(1185-B) Generation and characterisation of a panel of human iPSC-derived neurons and microglia carrying early and late onset relevant mutations for Alzheimer’s disease
Monday, February 5, 2024
2:00 PM – 3:00 PM EST
Location: Exhibit Halls AB
Abstract: Introduction Alzheimer’s disease (AD) is the most common type of dementia, contributing 60-70% of cases, and affecting more than 24 million people worldwide. There are no disease-modifying treatments available and existing drugs only treat the symptoms and not the root cause of the disease. Development of therapies for AD is hampered because less than 10% of findings derived from preclinical animal models can be translated to humans. Patient-derived induced pluripotent stem cells (iPSCs) enable generation of in vitro models that can recapitulate human disease phenotypes. However, conventional human iPSC differentiation protocols are lengthy, inconsistent, and difficult to scale. The lack of genetically matched controls for patient-derived models further complicates the investigation of disease phenotypes. We have developed opti-ox™, a robust iPSC reprogramming technology that overcomes these limitations and enables generation of mature cell types and disease models, at scale. Our objective was to generate a panel of disease model cells in ioGlutamatergic Neurons, ioGABAergic Neurons and ioMicroglia to enable investigation of the most common AD mutations and accelerate drug discovery.
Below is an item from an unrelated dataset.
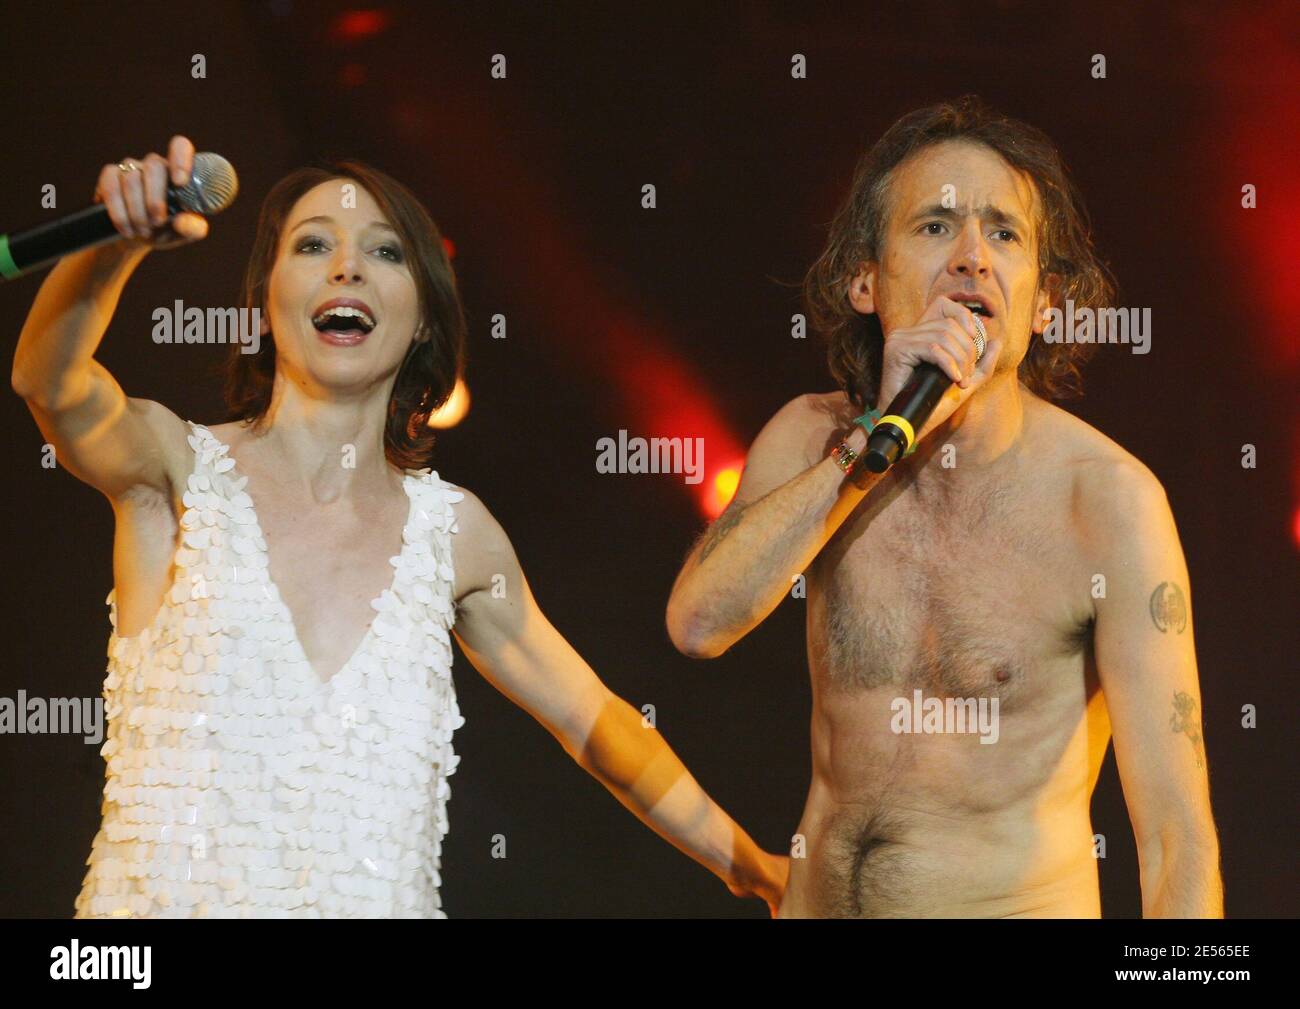 Jeanne Cherhal and Didier Wampas live on stage on the second day of the annual AIDS charity and fundraising music festival 'Solidays', held at Longchamp racetrack in Paris, France, on July 5, 2008. Photo by Denis Guignebourg/ABACAPRESS.COM Stock Photo

Material and Methods We used CRISPR/Cas-9 gene editing to generate iPSC-derived glutamatergic and GABAergic neurons carrying the mutations APP V717I, APP KM670/671NL and PSEN1 M146L, and microglia carrying the mutations APOE C112R (converts the wild-type APOE3 allele to APOE4) and TREM2 R47H.
Results Characterisation of our AD disease models shows that the expression profiles of key cell-type specific markers are highly similar to their wild type controls. We demonstrate that the ioMicroglia disease models show either reduced or similar phagocytic activity and cytokine responses compared to the wild type control.
Conclusions Using opti-ox technology we have produced a panel of hiPSC-derived Alzheimer’s disease model cells for research and drug discovery. The panel offers an accessible, consistent, and functional system for investigating the impact of the disease mutations in human neuronal and glial cells enabling research into molecular mechanisms and treatments for AD.